Project Structure 🗂️

.
├── notebooks
│   ├── 01_dataset_preparation.ipynb
│   ├── 02_preprocessing_and_baseline_iforest.ipynb
│   ├── 03_dimensionality_and_clustering.ipynb
│   ├── 04_model_interpretation_and_explanation.ipynb
│   ├── 05_ethical_reflection.ipynb
│   ├── 06_visual_polishing_and_citations.ipynb
│   ├── 07_reproducibility_and_environment_testing.ipynb
│   └── 08_finalised_summary_notebook.ipynb
├── src
│   └── (core model modules — optional extension)
├── data
│   └── InternalBleeding14.csv
├── docs
├── utils
├── test
├── LICENSE.md
├── README.md
├── requirements.txt
├── mkdocs.yml
└── .github/workflows

Code Organisation

notebooks/ — step-by-step Jupyter notebooks following weekly structure.

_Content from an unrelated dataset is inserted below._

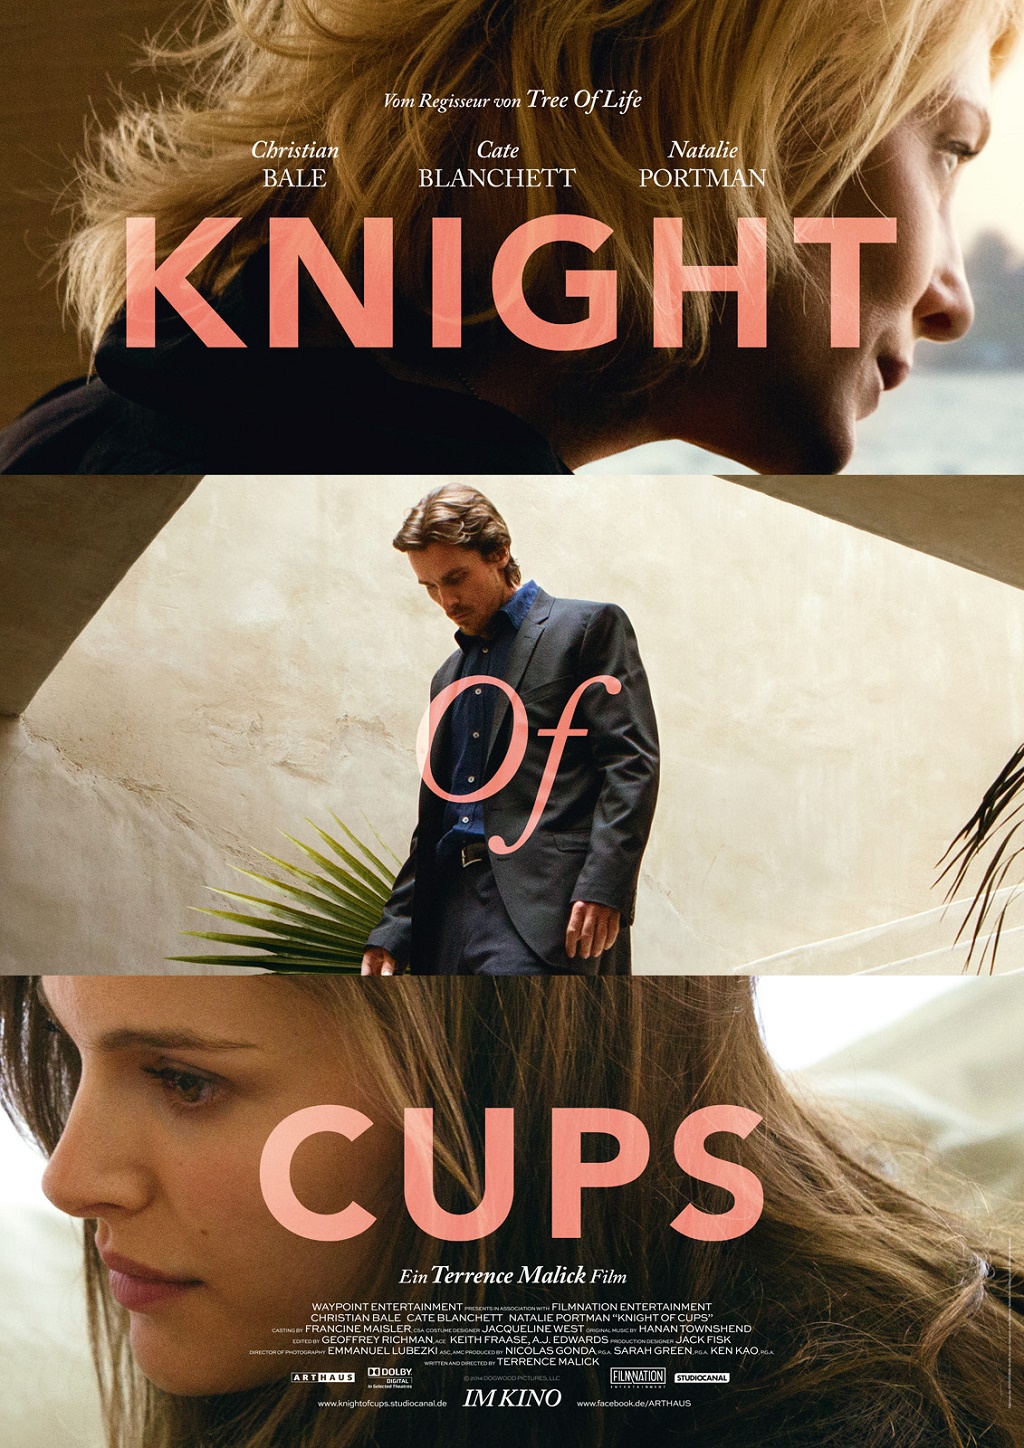 KnightOfCups_Plakat_A3.indd

src/ — reusable model code extensions (optional).

data/ — dataset files.

docs/ — documentation for deployment.

utils/ — helper scripts.

test/ — testing scripts.

github/workflows/ — GitHub CI/CD automation.

Roadmap 🗺️

Core 🧩

Dataset ingestion and preprocessing
Baseline Isolation Forest anomaly detection
PCA dimensionality reduction
HDBSCAN clustering
Model interpretation and markdown commentary
Visualisation of anomaly scores and clustering
Ethical reflection module
Fully reproducible codebase with documentation

Updates:
- Week 1 (13–16 May): Set up GitHub, load dataset, create initial notebook. - Week 2 (19–23 May): Start anomaly detection model (e.g. Isolation Forest). - Week 3 (26–30 May): Create plots and graphs (e.g. PCA, HDBSCAN). - Week 4 (2–6 May): Write markdown explanations and model interpretation. - Week 5 (9–13 May): Add ethics section to notebook. - Week 6 (16–20 June): Improve visuals, clean comments, add sources. - Week 7 (23–27 June): Add environment file and test notebook. - Week 8 (30 Jun–4 July): Finalise README and dataset information. - Week 9 (7–11 July): Peer review and polish. - Week 10 (14–18 July): Final check and submit core materials. - Week 11 (21-24 July): Final GitHub reproducibility setup and devcontainer testing

Extensions 🔌

Advanced ethical scenario analysis
Visualisation refinement for industry or academic presentation

Data 📊

List datasets used with:

Dataset: InternalBleeding14
Description: Univariate physiological-style time series used for anomaly detection benchmark tasks.
Source: UCR Time Series Anomaly Archive (2021)
Licence: Public benchmark dataset
Location: Included in repository

Best Practice Notes 📝

Version controlled via GitHub
GitHub Projects used for task tracking
Clean notebook structure aligned to Imperial ReCoDE 10-week schedule
Embedded markdown reflections for ethical context
BSD-3-Clause licence for reproducibility and reuse

Estimated Time ⏳

Task	Estimated Time
Reading	3 hours
Practising	3 hours

Additional Resources 🔗

Wu, R., & Keogh, E. (2020). Current Time Series Anomaly Detection Benchmarks are Flawed and are Creating the Illusion of Progress. arXiv:2009.13807.
scikit-learn official documentation
HDBSCAN official documentation
Imperial College London ReCoDE Exemplar Guide

Note: Some learners may initially assume we are detecting scarce data per se. That is not the case. Scarcity here refers to the context in which anomalies occur. They are uncommon, possibly unlabelled, and embedded within larger typical patterns. The exemplar explores methods that work despite this scarcity.

Licence 📄

BSD-3-Clause License